Stored data:
•••••

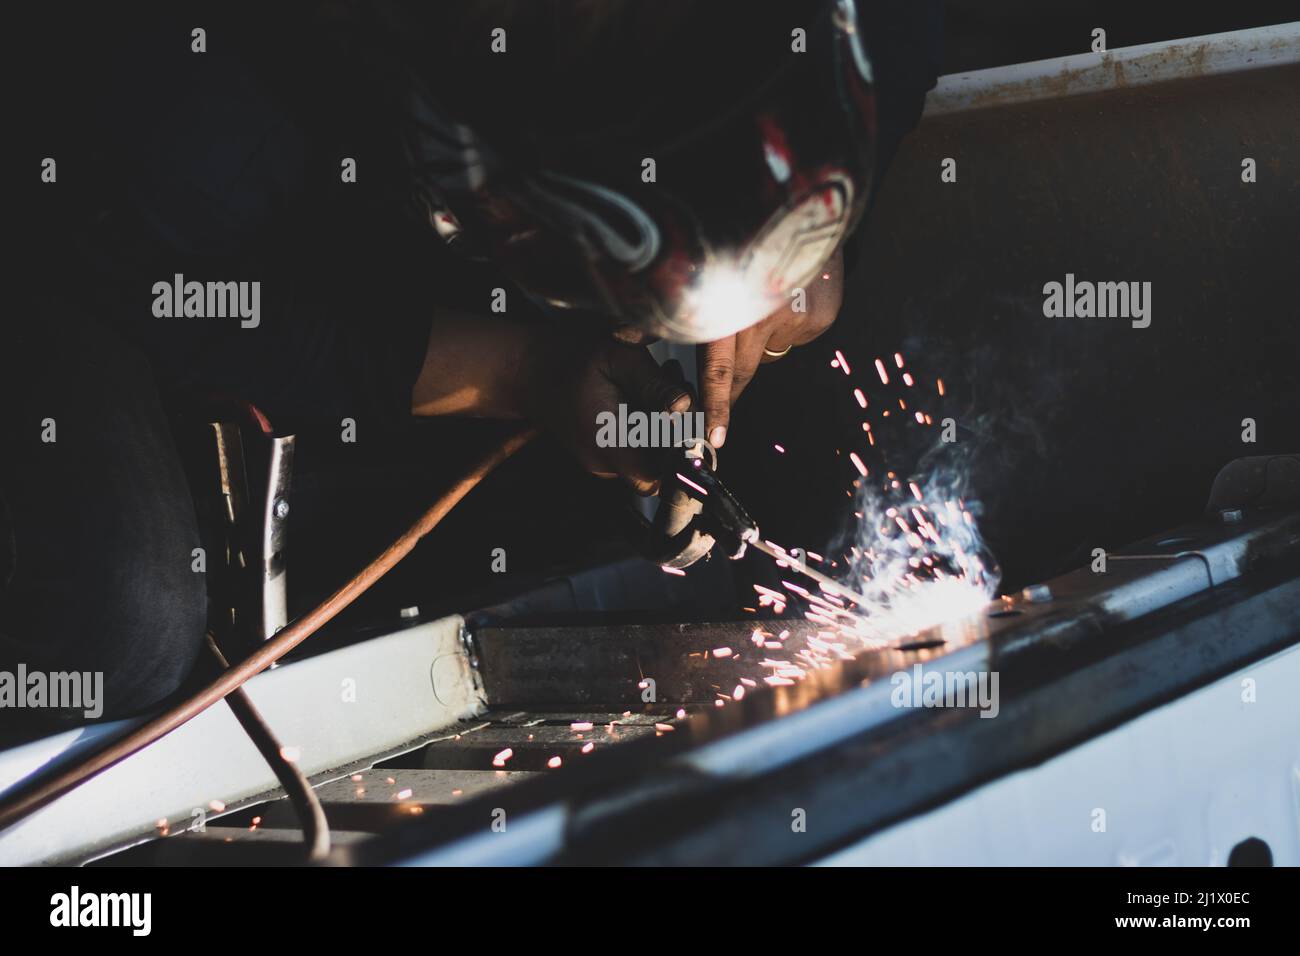 A closeup shot of a  metal fabricator making automotive welding with flames in a car factory Stock Photo
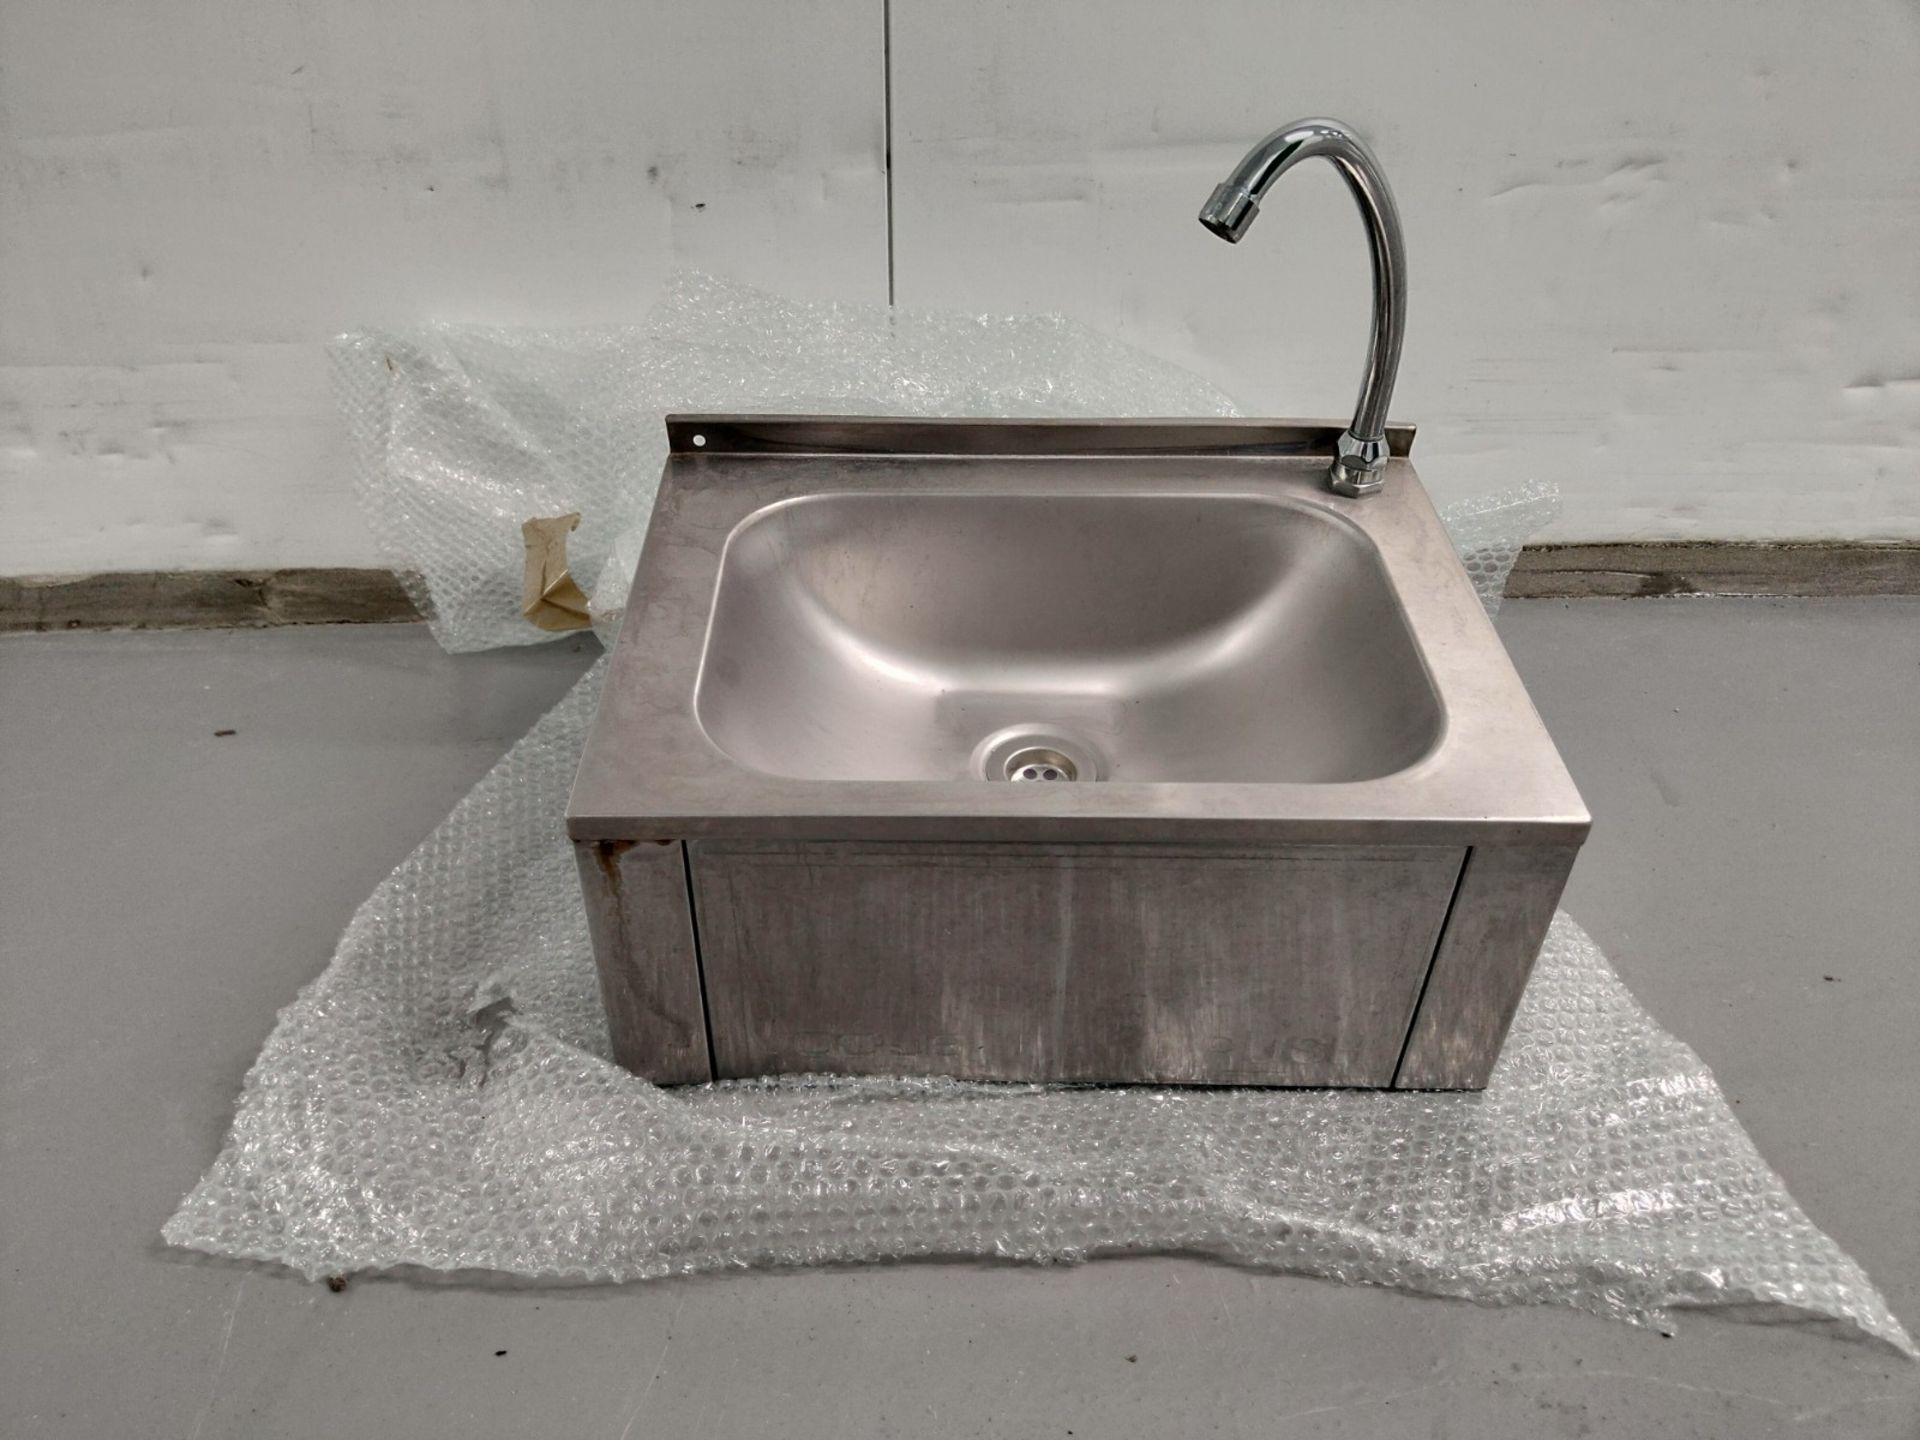 Vogue Stainless Steel Knee Operated Sink - Image 2 of 4
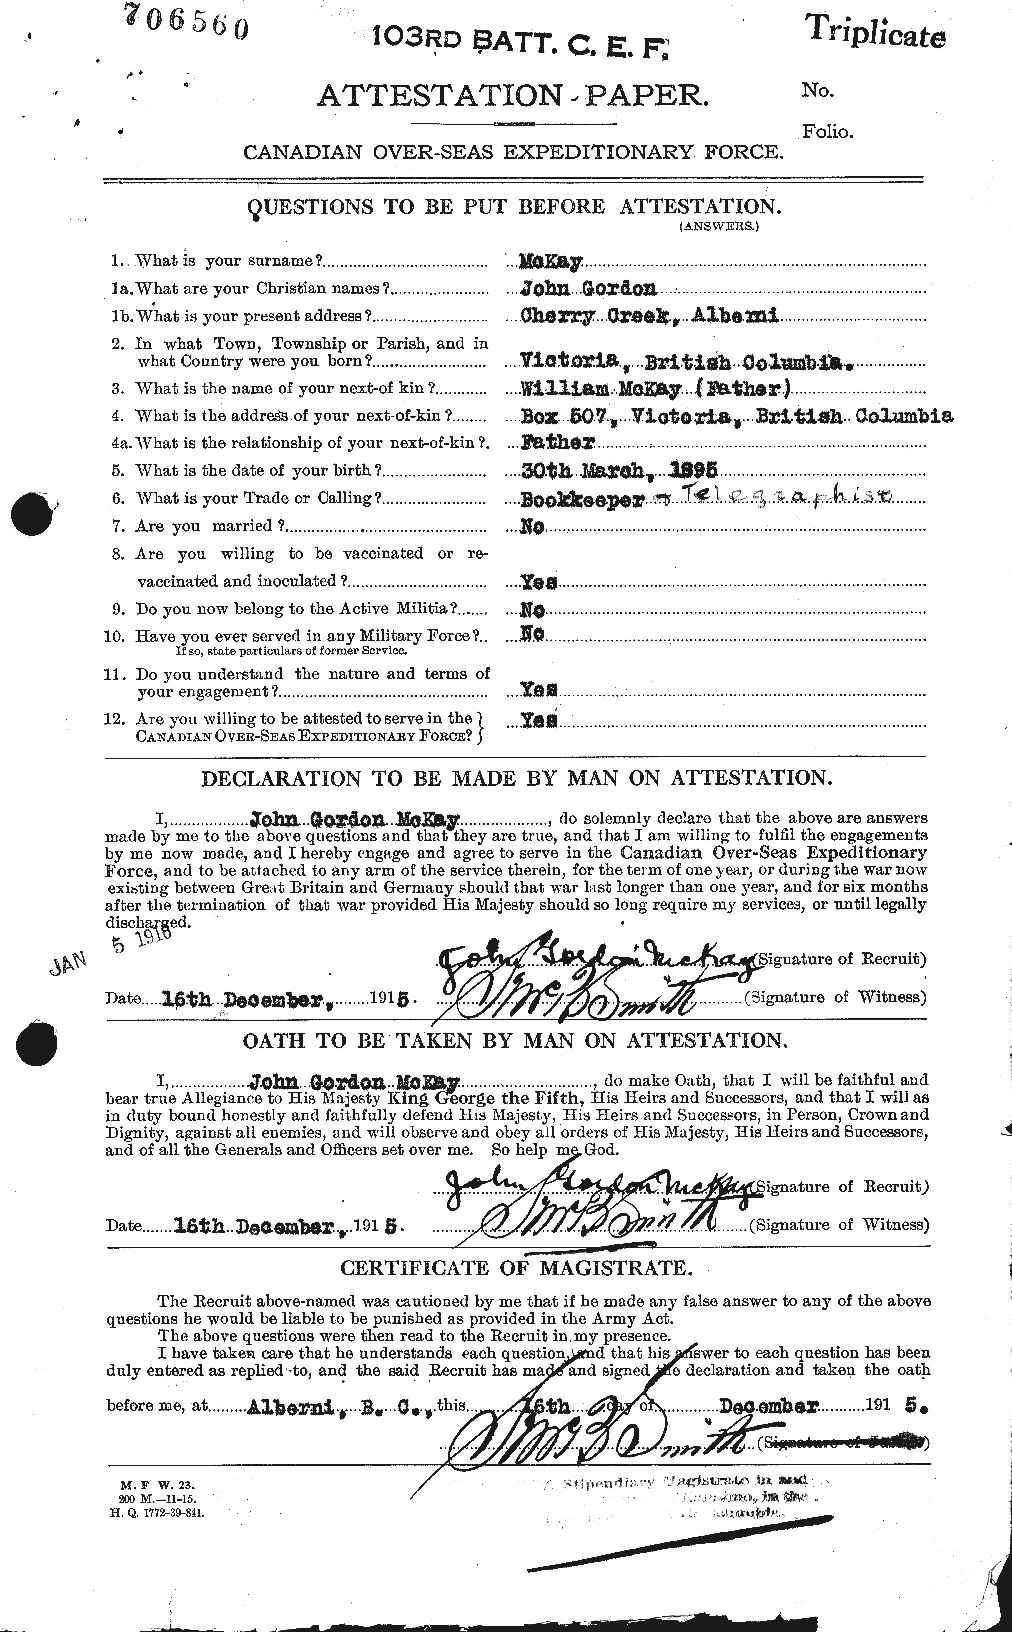 Personnel Records of the First World War - CEF 527060a
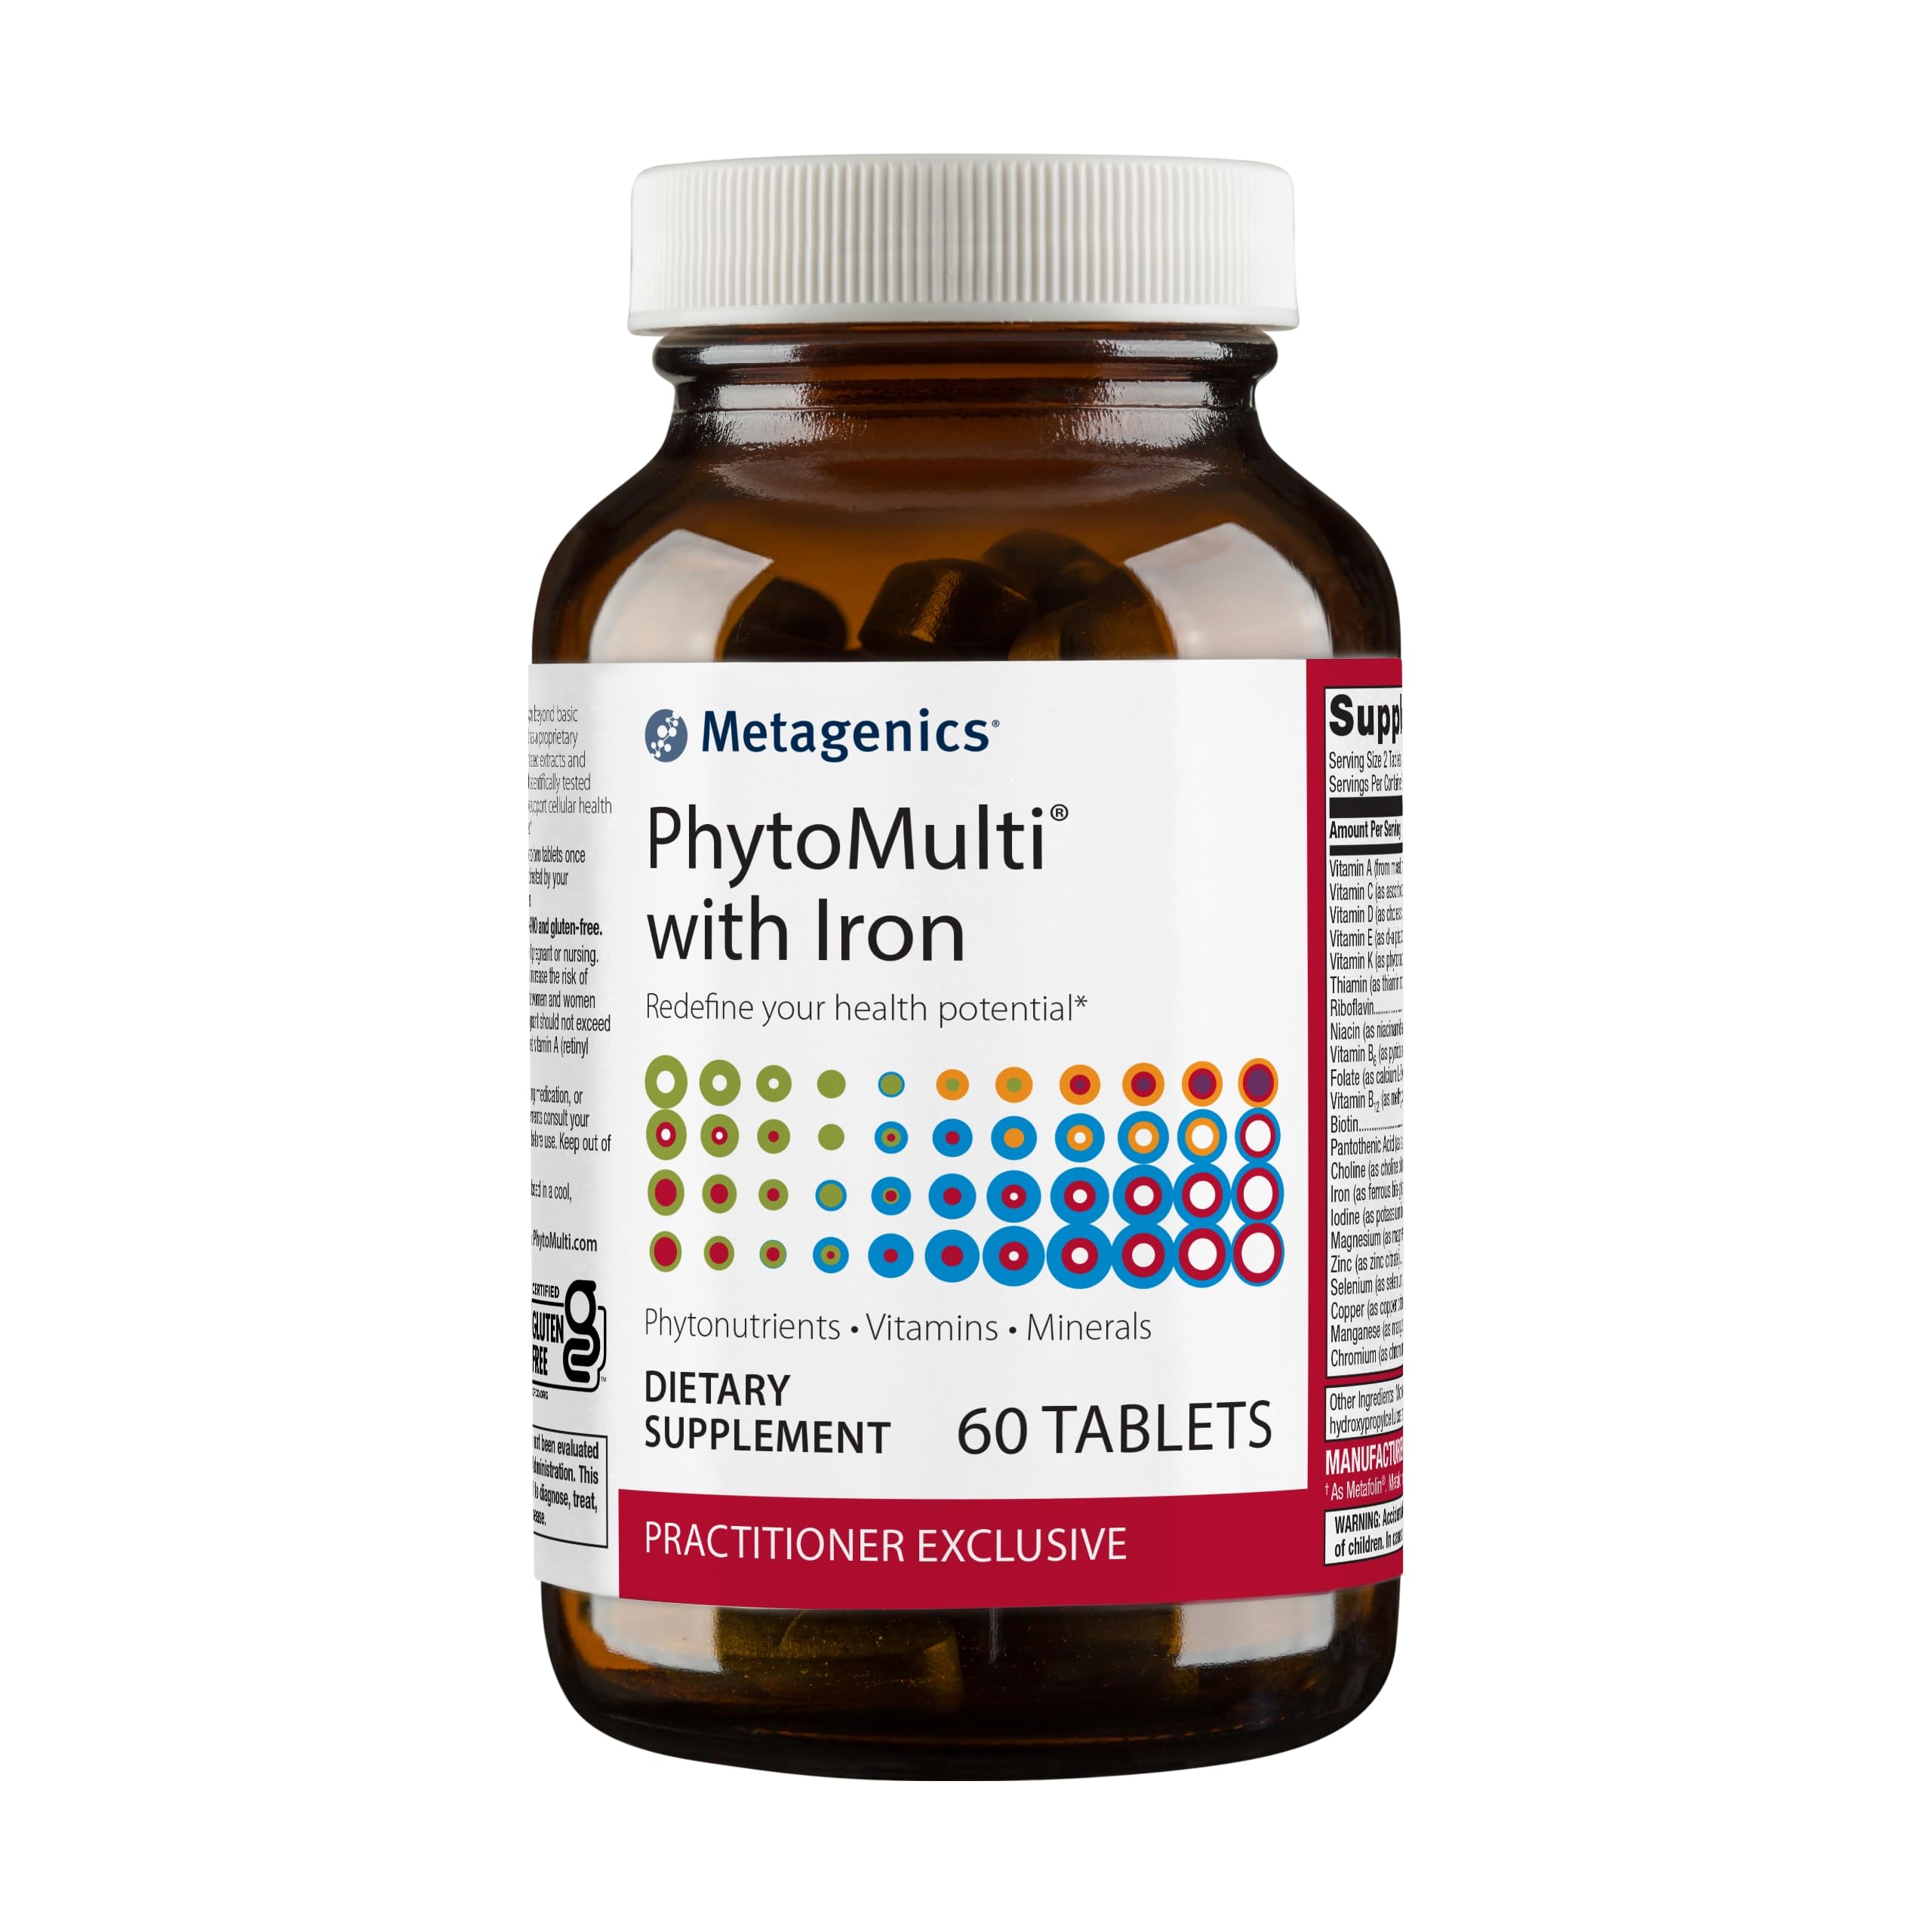 Metagenics PhytoMulti with Iron Daily Multivitamin - 60 Tablets

•••••

Work instruction:
Output the listing unchanged, pictures excluded.

Solution to this problem:
 A closeup shot of a  metal fabricator making automotive welding with flames in a car factory Stock Photo
 Vogue Stainless Steel Knee Operated Sink - Image 2 of 4
 Personnel Records of the First World War - CEF 527060a
 Metagenics PhytoMulti with Iron Daily Multivitamin - 60 Tablets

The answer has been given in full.